Two years ago, as part of NYC Open Data Week, we unveiled Scout, our open source data discoverability tool to explore New York City’s open data portalScout allows you to search for open datasets and recommends other datasets that might be relevant to you. The tool also surfaces thematically similar datasets as well as datasets that have joinable columns that can enrich the dataset you are looking at.

The launch of Scout was met with excitement from the local open data community, but we knew that this was just scratching the surface of what was possible. There is a lot more data out there and the data needs of researchers typically go well beyond a single city. As part of NYC Open Data Week 2022, we unveiled the newest update to Scout: a multi-portal approach to data discoverability. The update allows Scout users to explore 129 portals across the world hosting over 125,000 datasets, and analyze relationships across more than 1.2 million columns.

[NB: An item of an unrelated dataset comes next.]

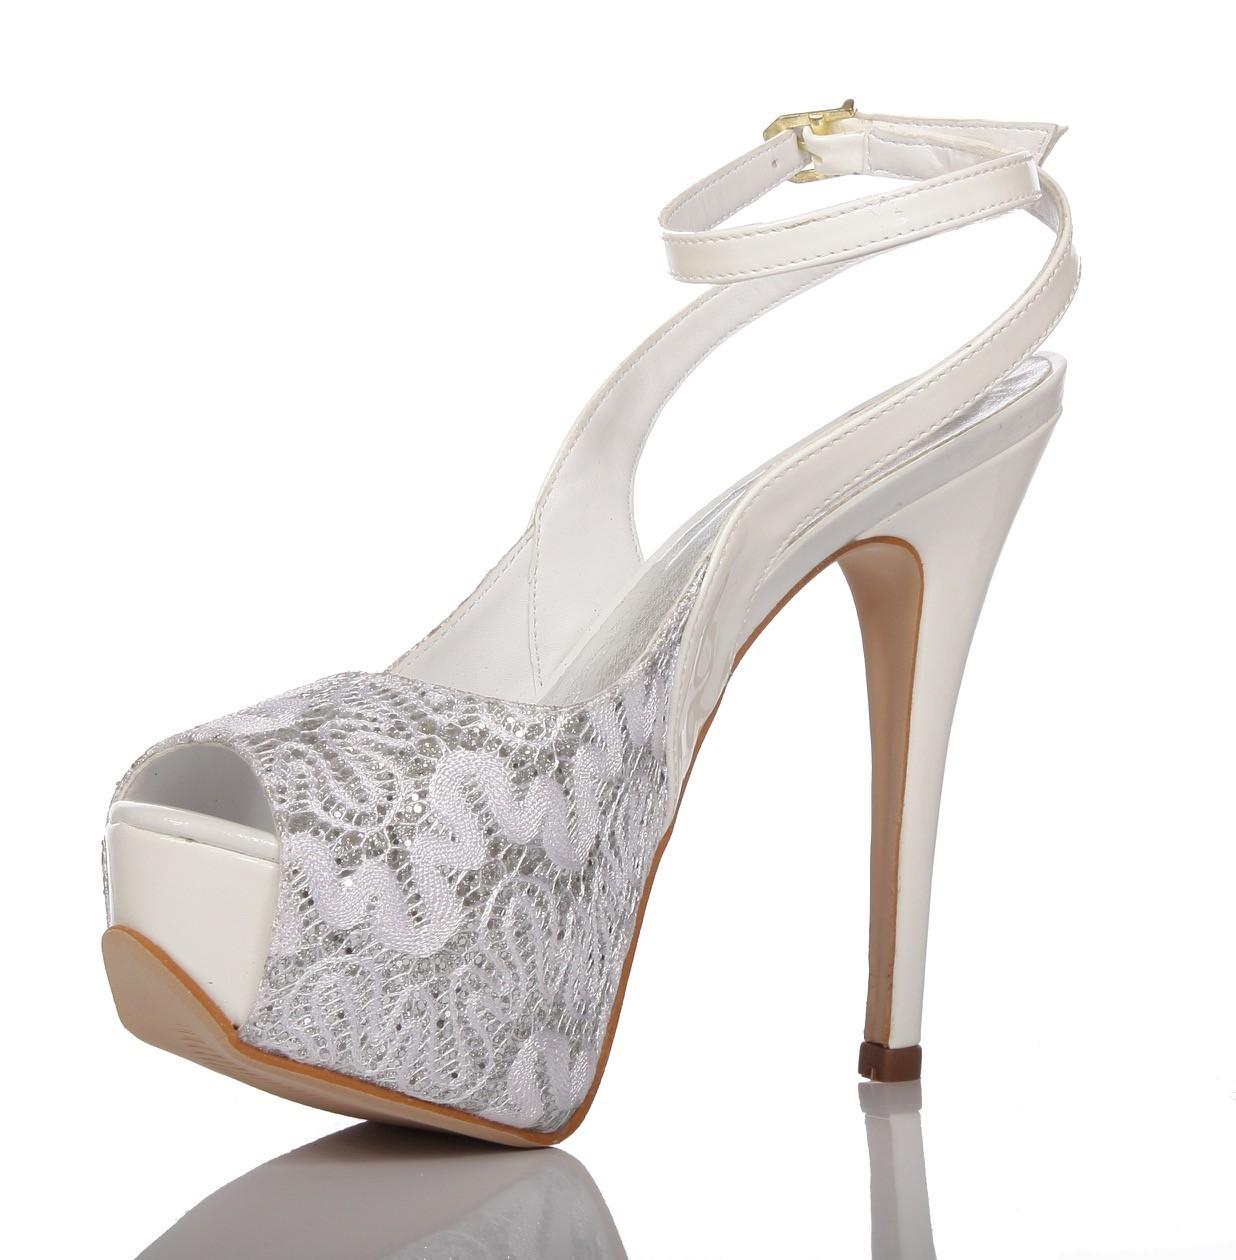 006356f32 Sapato de Noiva Peep Toe Branco com Renda Prata - PNF 16

A screengrab of scout: a listing of NYC-related datasets and their descriptions under a drop-down menu to select any available open data portal to peruse
The new portal dropdown allows users to select specific data portals.

Scout now includes a portal selector dropdown where you can choose which open data portal you want to explore. In the top-right you can also toggle between exploring a single portal or looking at all available data portals. At the moment, Scout wraps the Socrata API, so the tool is limited to Socrata-hosted data portals. As part of our future roadmap we intend to expand this to include more open data management systems, such as CKAN and ESRI.

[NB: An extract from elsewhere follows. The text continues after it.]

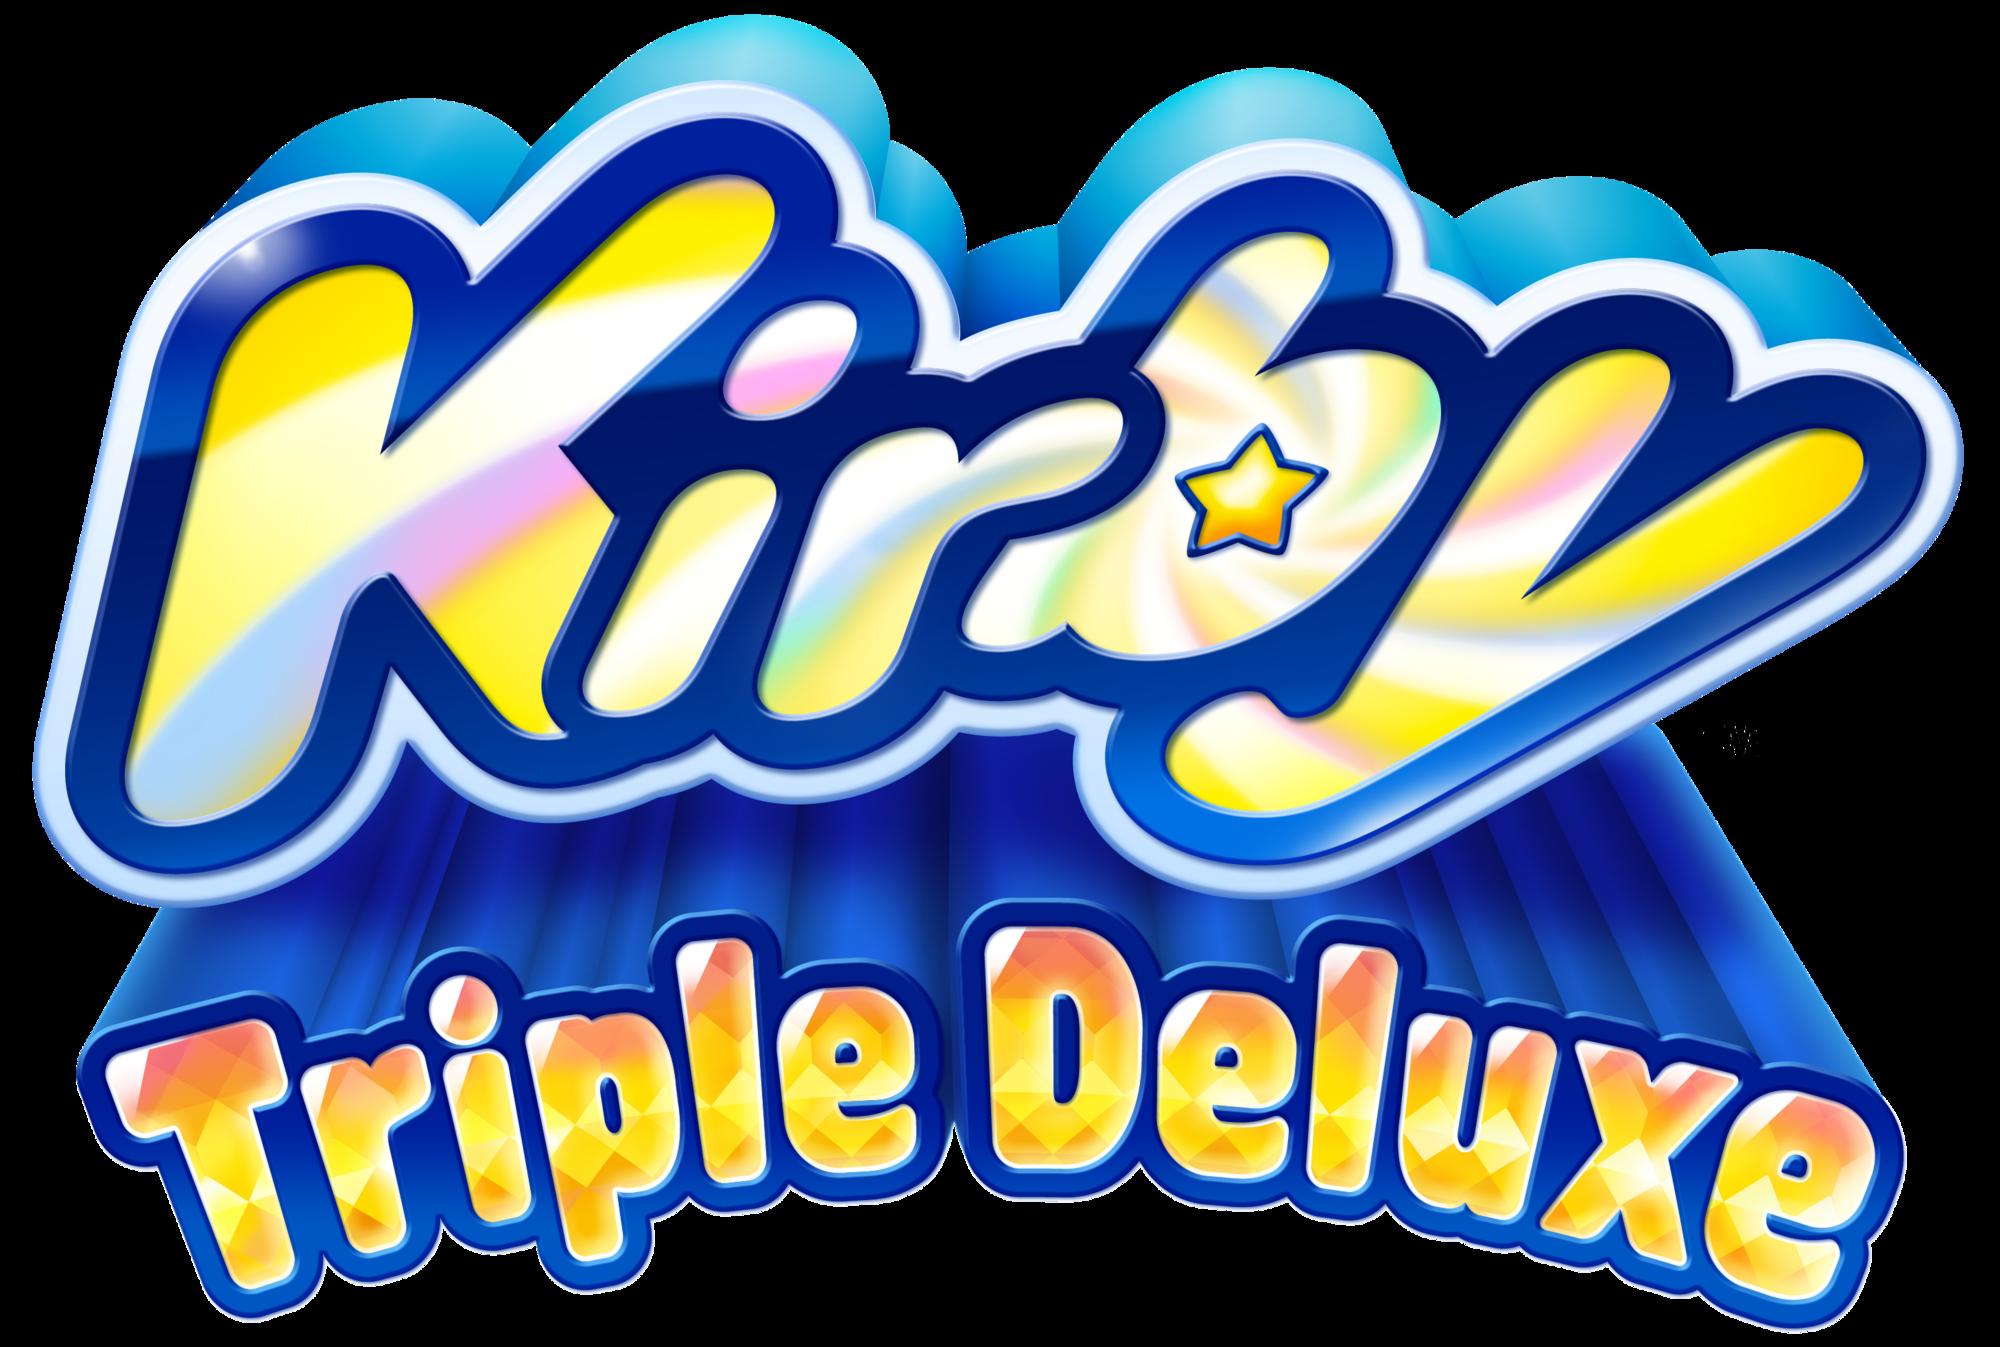 Kirby Triple Deluxe KTD_logo

In addition to multi-portal support, existing Scout features were updated to improve the user experience.

Another screen grab of Scout showing a list of datasets and their descriptions under a pop-up ‘sign in’ modal that provides options to make an account or sign in using Google or Facebook
Users can now log in to Scout using existing social media accounts or with their email and a unique password.

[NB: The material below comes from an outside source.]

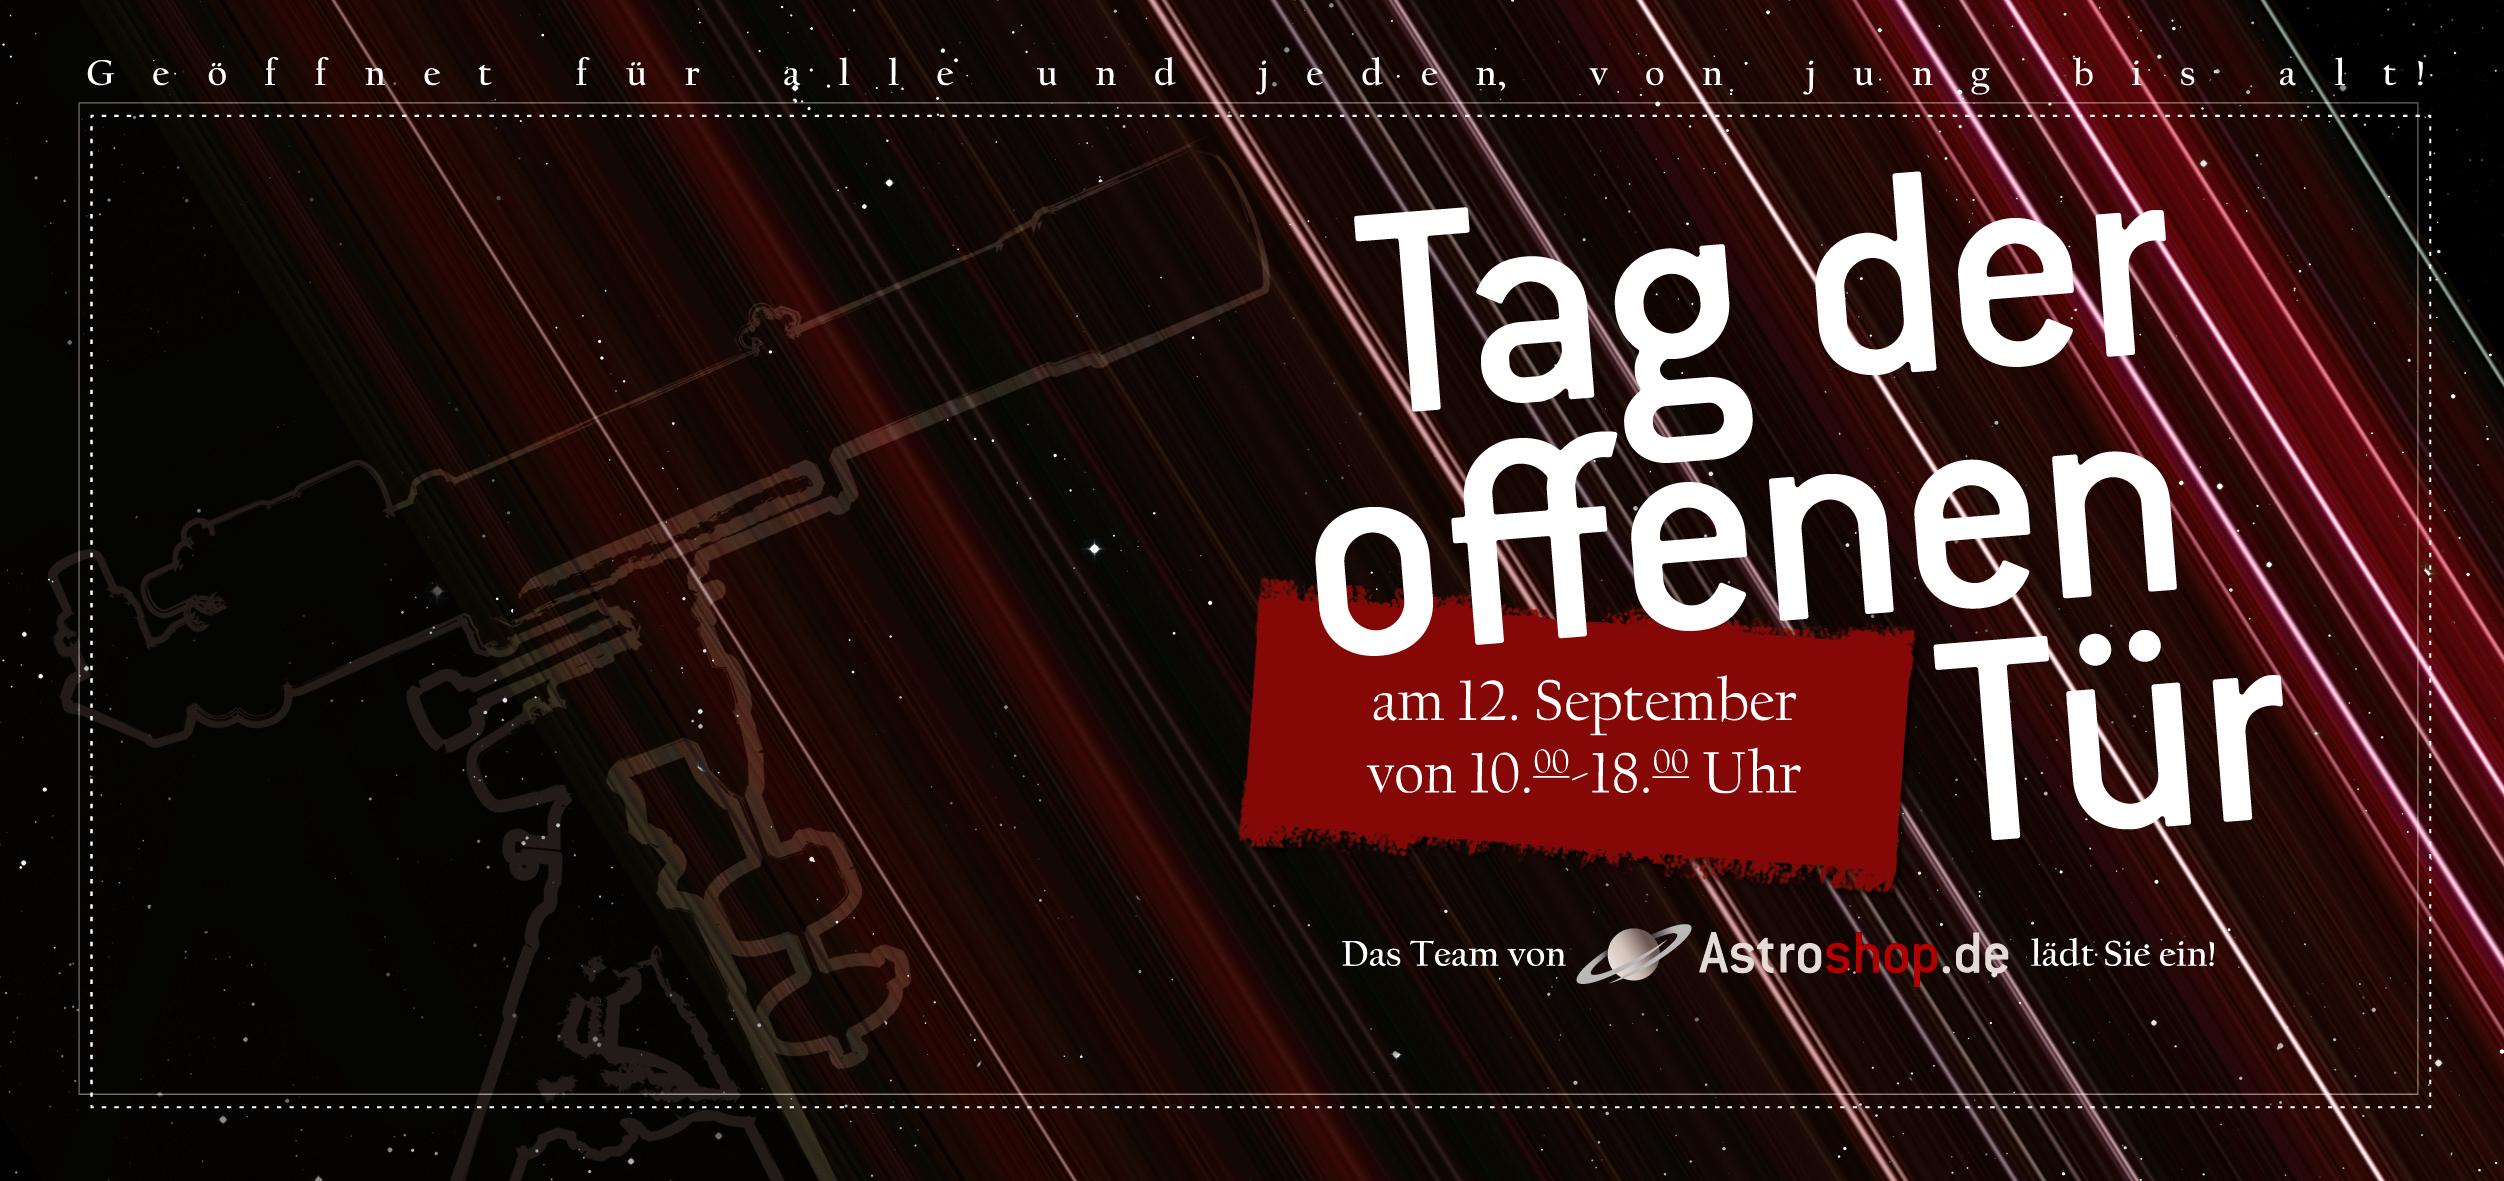 Tag der offenen tür flyer  Informationen zum Tag der offenen Tür - astroshop.de Blog

Scout now supports user authentication that allows you to create a user account either through an existing social media account (Facebook or Google) or with your own email and password combination. This feature allows you to keep your curated collections forever by linking them to your user account. We do not track your searches or your personal information beyond what is absolutely necessary for you to log in. If you prefer to continue using Scout without logging in, you can still do so and have access to all of Scout’s search features. However, without logging in, you would lose your stored collections when you clear your browser cache or switch computers.

A screengrab of Scout that shows a description of the data in the left-hand section, and the list of GitHub commits and repos that use that same data in the right-hand section
The new resources tab provides examples of how the dataset has been previously utilized.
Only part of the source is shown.